▶ [INSTRUCTIONS FOR THE TASK]
Return only the lines of the data below from the line with "You are uniquely" up to and including the line with "Afternoon Tea at Dobbies", exactly as written, with the pictures omitted.

▶ [STORED DATA]
☆ ☆ ☆ ☆ ☆ ☆ ☆

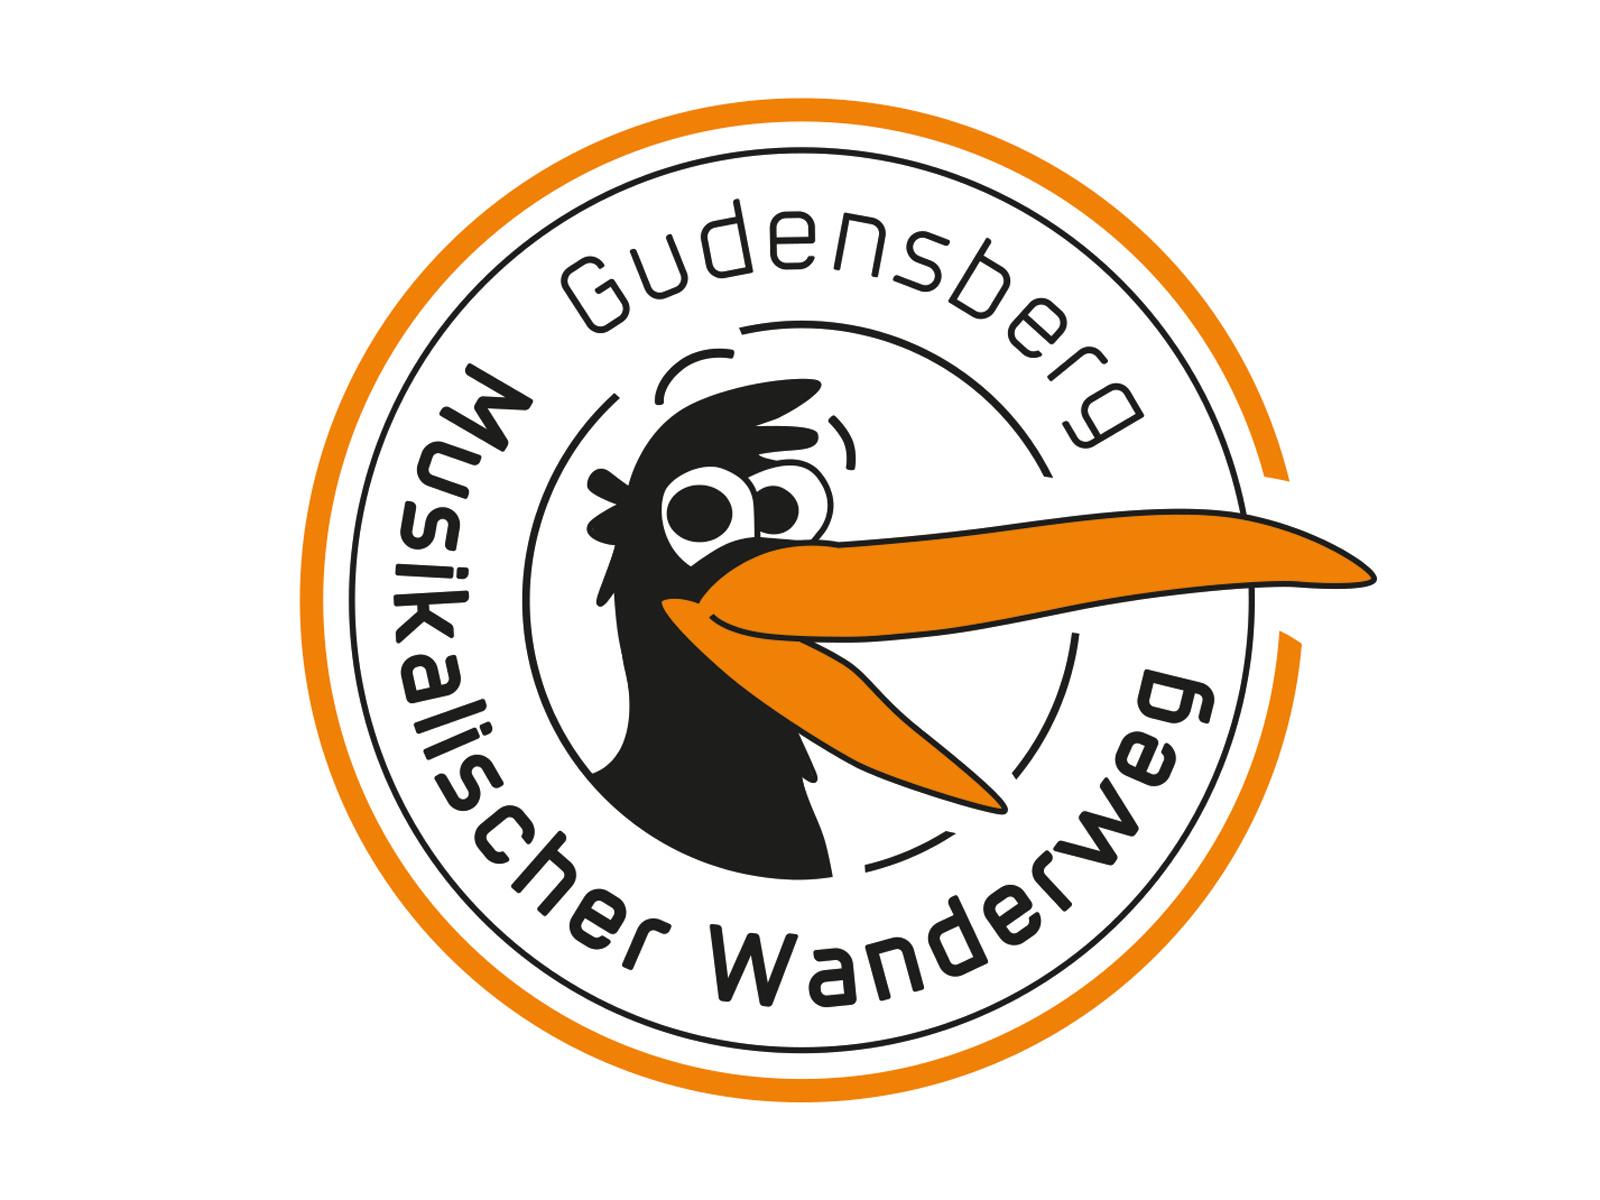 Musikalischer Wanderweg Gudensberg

☆ ☆ ☆ ☆ ☆ ☆ ☆

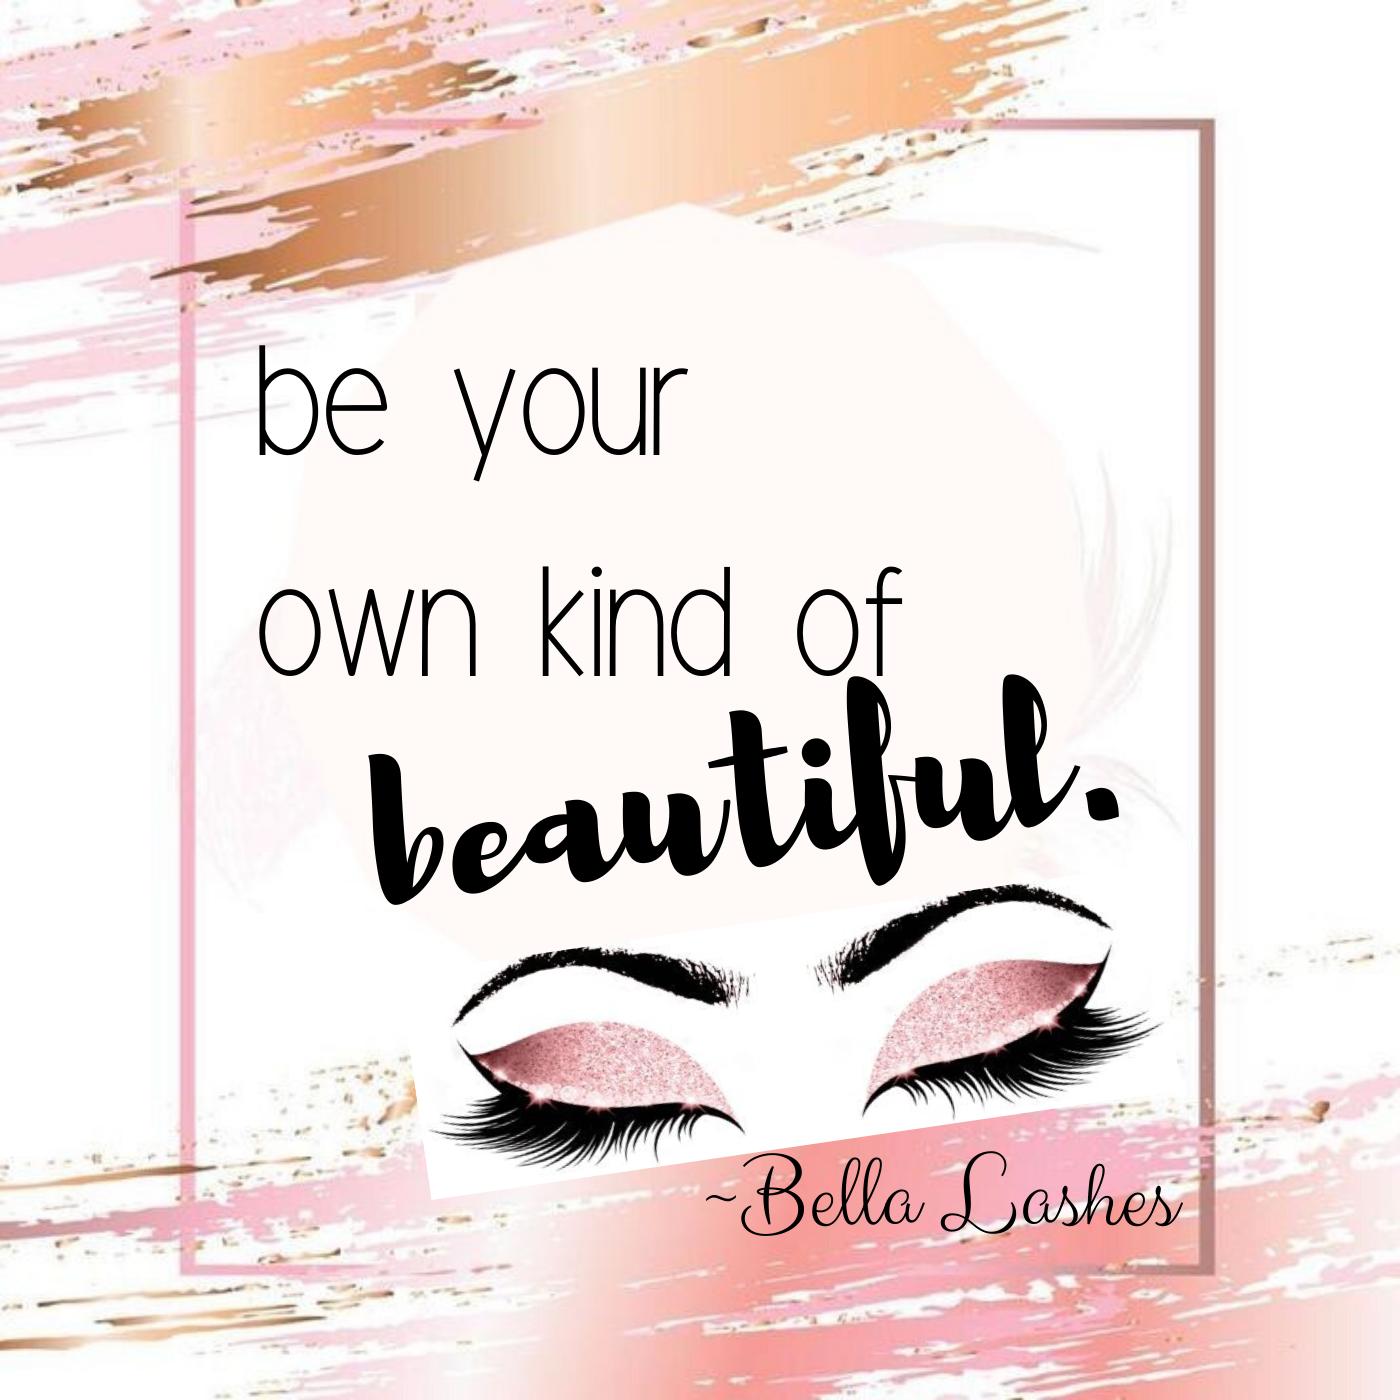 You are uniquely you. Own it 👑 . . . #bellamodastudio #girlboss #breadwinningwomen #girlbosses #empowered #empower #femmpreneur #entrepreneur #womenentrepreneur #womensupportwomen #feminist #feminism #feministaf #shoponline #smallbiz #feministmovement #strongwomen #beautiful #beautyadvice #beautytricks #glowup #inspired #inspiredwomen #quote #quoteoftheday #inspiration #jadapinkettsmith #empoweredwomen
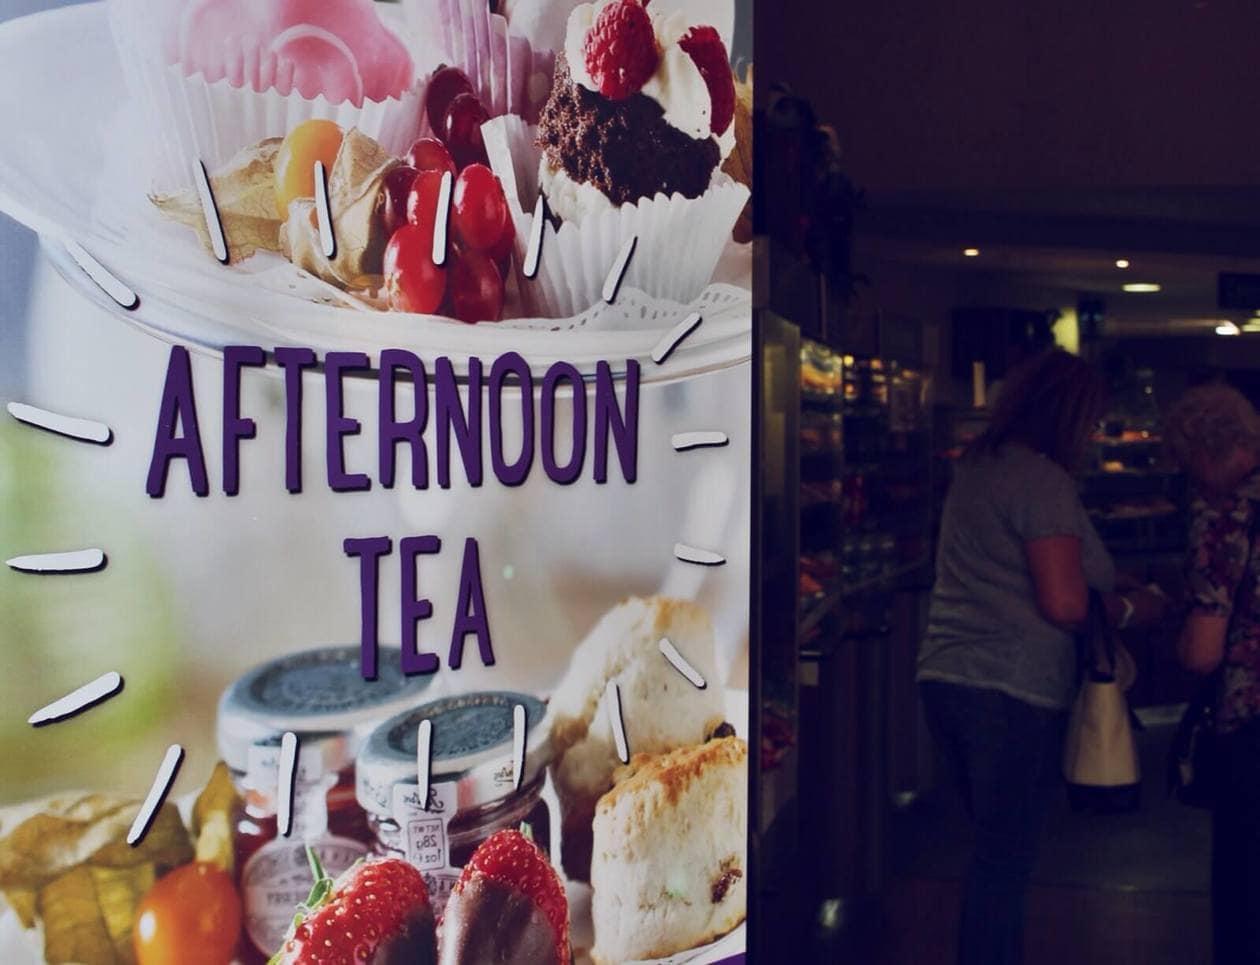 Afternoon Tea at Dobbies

☆ ☆ ☆ ☆ ☆ ☆ ☆

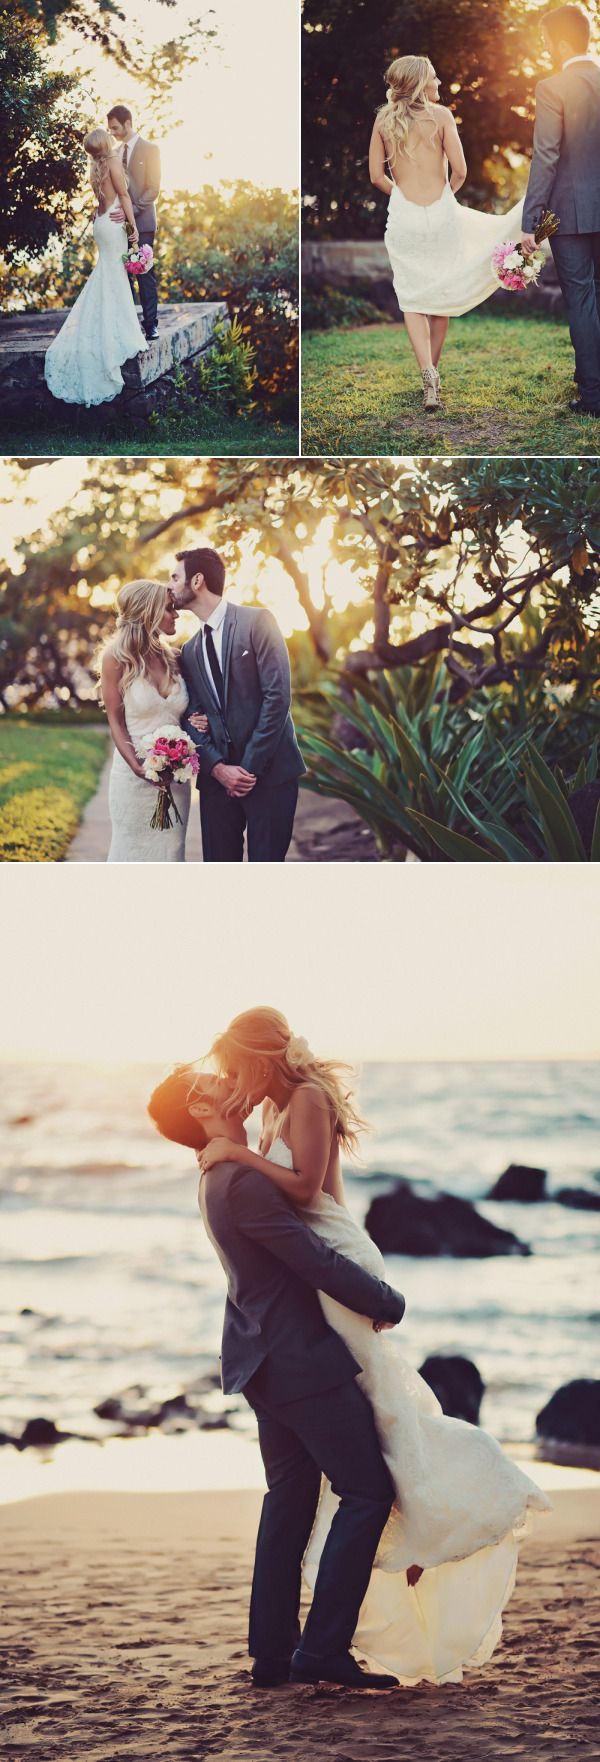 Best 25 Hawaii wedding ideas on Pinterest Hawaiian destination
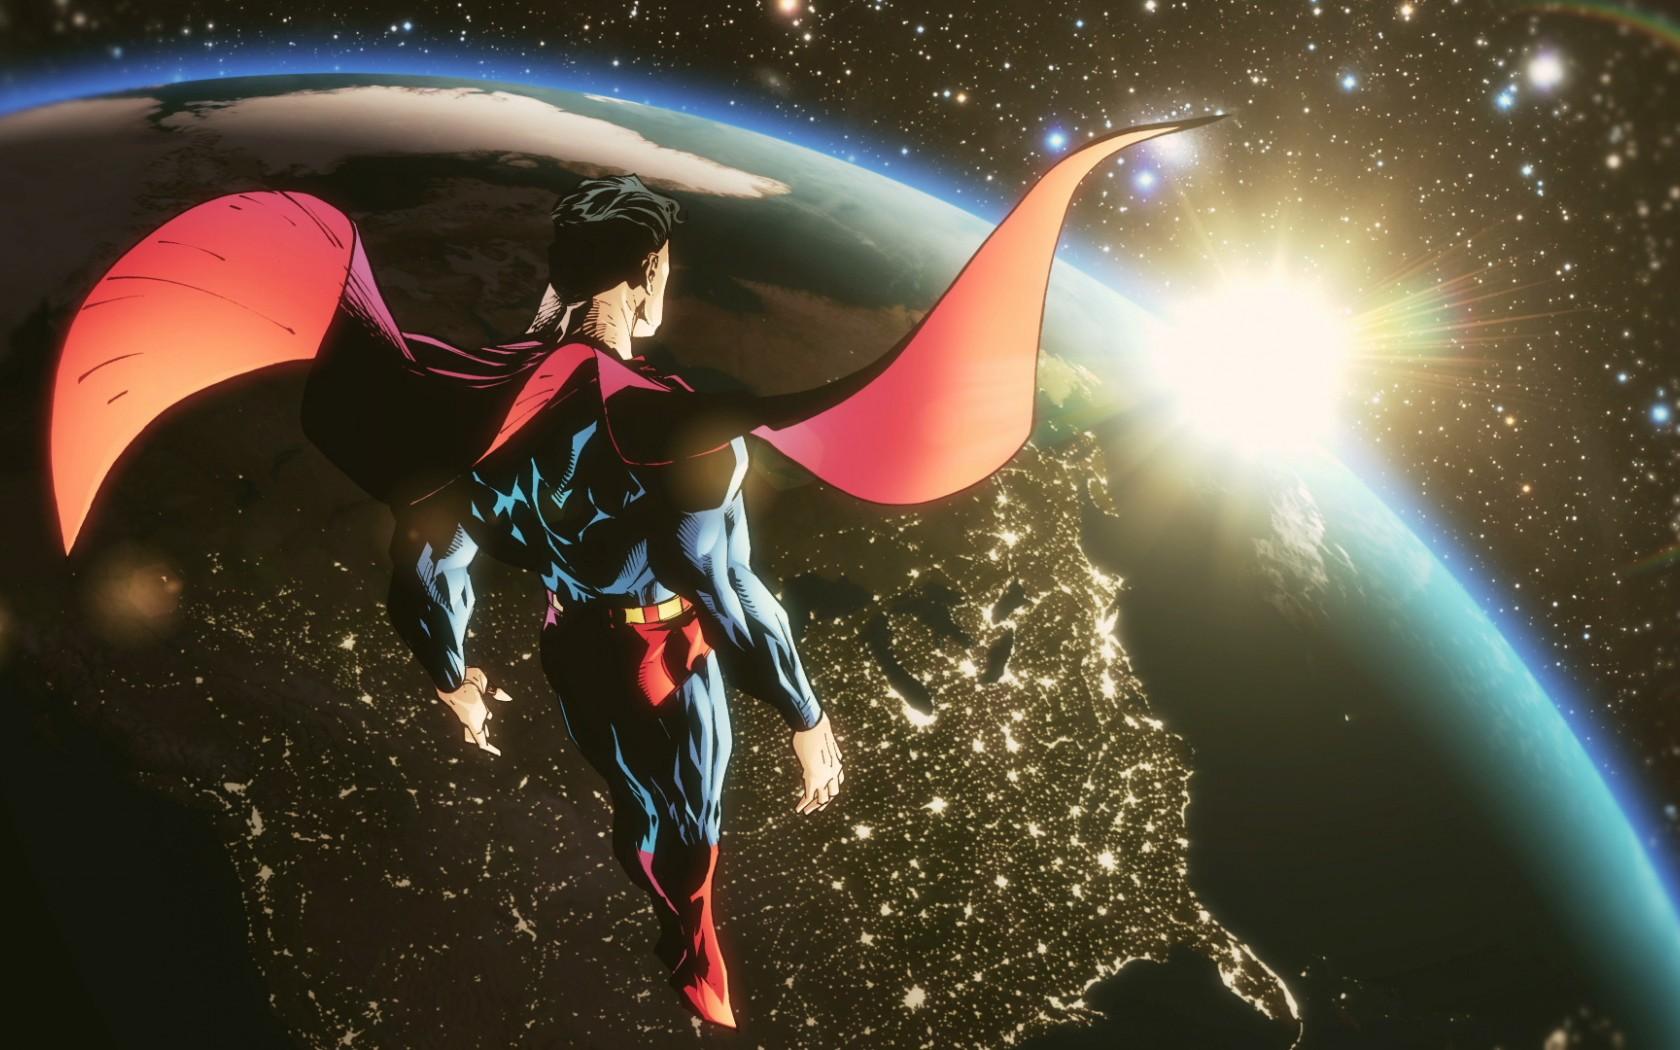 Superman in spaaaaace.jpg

☆ ☆ ☆ ☆ ☆ ☆ ☆

▶ [RESPONSE TO THIS EXERCISE]
 You are uniquely you. Own it 👑 . . . #bellamodastudio #girlboss #breadwinningwomen #girlbosses #empowered #empower #femmpreneur #entrepreneur #womenentrepreneur #womensupportwomen #feminist #feminism #feministaf #shoponline #smallbiz #feministmovement #strongwomen #beautiful #beautyadvice #beautytricks #glowup #inspired #inspiredwomen #quote #quoteoftheday #inspiration #jadapinkettsmith #empoweredwomen
 Afternoon Tea at Dobbies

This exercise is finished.